Climate Financing

ETS Revenues

The European carbon market, currently under review, will likely generate emission allowances worth over a trillion euros over 10 years, which is more than the EU’s entire Covid recovery budget. Under the current system, up to 43% of the emission cap can be distributed each year to industry to protect against carbon leakage.  

The permits that are not given for free to industrial installations (and airlines) are sold or auctioned by the European Commission (via the EIB) or by Member States. A share of the proceeds is dedicated to the Modernisation Fund for poorer Member States to upgrade their energy infrastructure; another share is for the Innovation Fund. 

Our Campaigns:

Accelerate the implementation of the CBAM and phasing out of free allocation

 For the emission permits not given for free, make sure the proceeds are spent efficiently

The Innovation Fund

The EU’s Innovation Fund, launched in 2018, is the EU’s programme for funding cutting-edge low-carbon technologies. According to the European Commission, to be eligible, projects must be, highly innovative, cost-efficient, mature, scalable, and have a significant emission reduction potential. 

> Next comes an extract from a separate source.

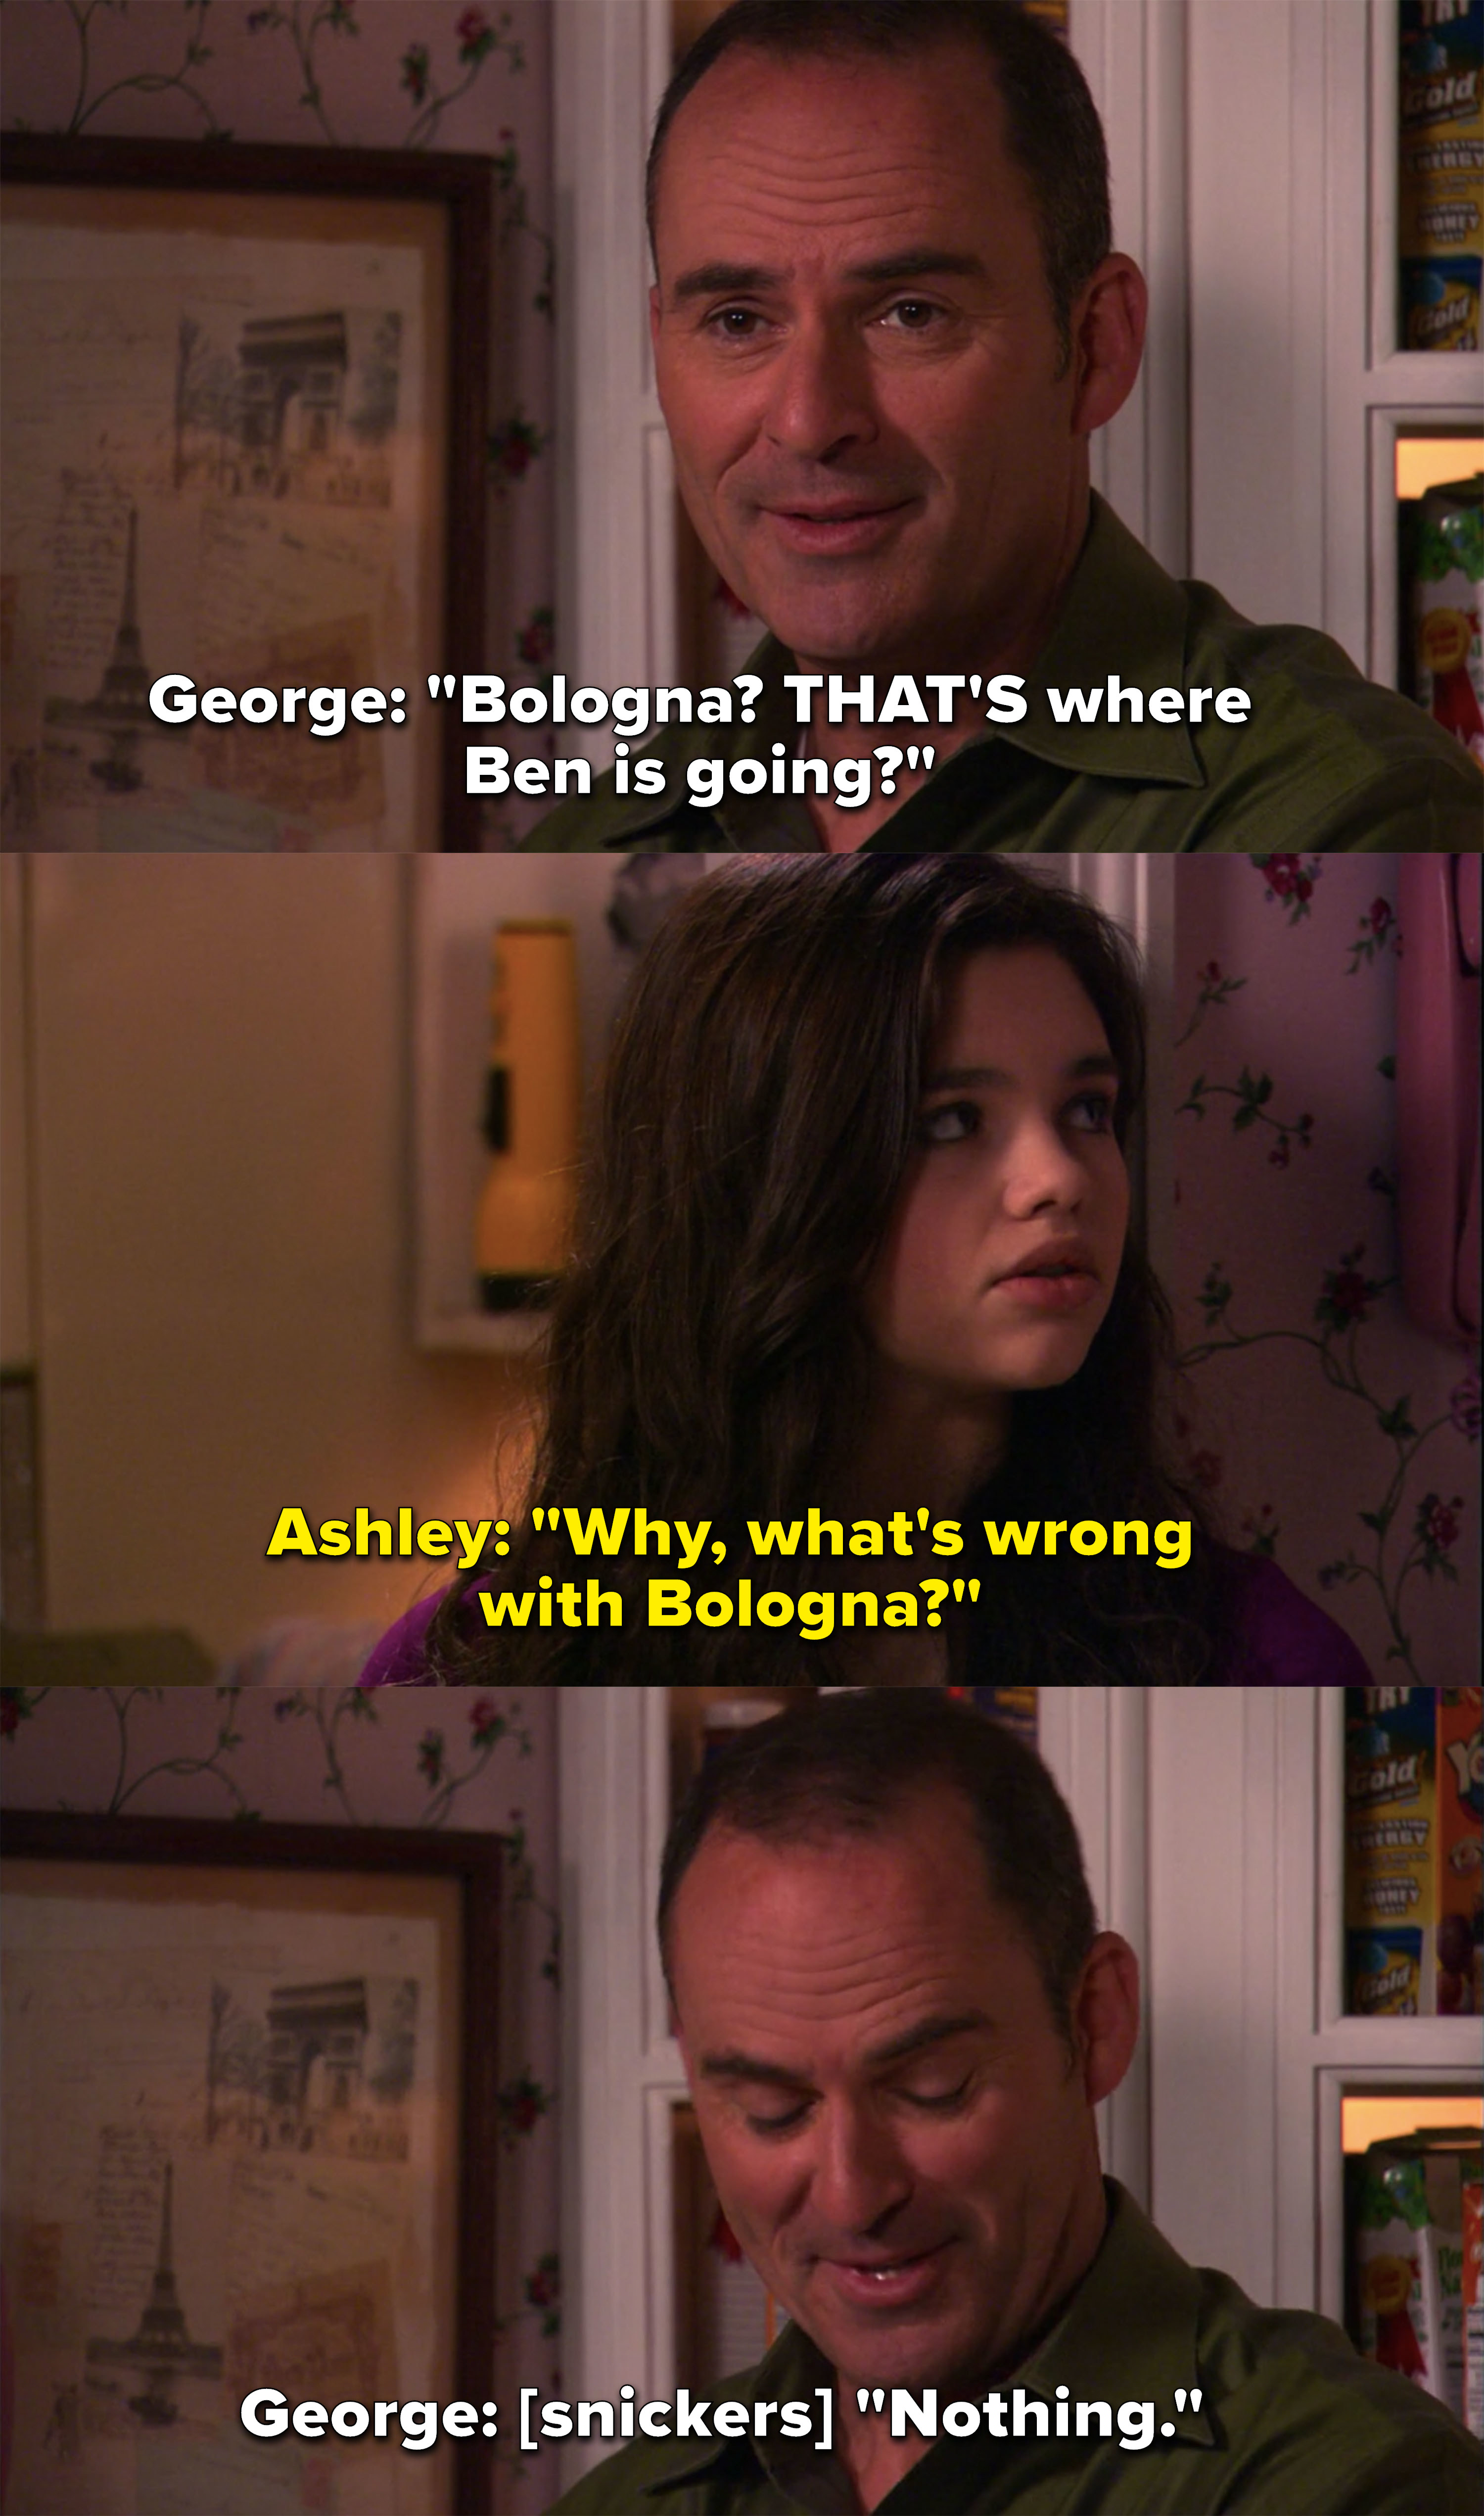 Ashley asks what&#x27;s wrong with Bologna and George snickers

The Innovation Fund is financed using revenues from the Emissions Trading Scheme (ETS), under which certain sectors must buy emission permits (allowances) to be allowed to pollute. We estimate that it will receive the proceeds from the sale of nearly 800 million emission permits over the period of 2021-2030. Subsidies come in the form of grants (paid mostly upfront) but may also include performance-based amounts in the future. In practice, the funding goes to sectors already receiving emission permits under the EU ETS.  

We estimate that the fund will be worth €75 billion. How the money will be spent is therefore more critical than ever. 

As Sandbag’s research showed, the Fund’s current granting approach is costly and inefficient. Upfront subsidies are used in the wrong way and do not address competitive distortions, leading to high decarbonisation costs instead of incentives for low carbon activities. 

The scale of the climate change challenge requires careful funding allocation: more parsimonious subsidies to activities that do not expose investors to innovation-related risks  would free up the funds needed to support activities with high abatement potential currently left out of the granting mechanisms. 

The Parliament’s ETS revision proposal included the creation of a new Climate Investment Fund, which was closer to what Sandbag had suggested (a Carbon Neutrality Fund). Its scope would have been extended to “techniques, processes and technologies that may no longer be considered innovative” as was asked in the Parliament’s report in June 2022. This was later dropped during the ETS trilogues. 

The Innovation Fund has been overhauled to reflect recent changes to the ETS. You can find Sandbag’s proposals submitted to the European Commission’s Innovation Fund Expert Group here.  

Our Campaigns:

Avoid upfront funding to innovation as much as possible.

In our feedback to the European Commission’s Innovation Fund Expert Group, we detail how upfront funding crowds out private investment, does not incentivise performance and creates more risk of projects closing down (if their profits become negative). Instead, contracts (fixed premium or contract for difference) should be rewarded to projects on the basis of their performance. 

Make resource-saving a requirement for Innovation Fund support.  

The degree of resource saving is only covered by the IF criteria in optional ways. For example, as part of the “degree of innovation” criteria, the fact that a project also saves resources can be considered a “plus”. Resource-saving is key to scalability and should therefore be explicitly assessed in a mandatory criterion with equal importance as a project’s degree of innovation. Scalability should be considered on an economy-wide level.  

Fix the funding gap for circularity

As incumbent technologies receive free emission allowances and innovative ones receive Innovation Fund money, the Innovation Fund makes circularity activities that are not innovative become even less competitive than they are already. Carbon contracts for substitution (not for difference) for these activities should be introduced to bridge this gap.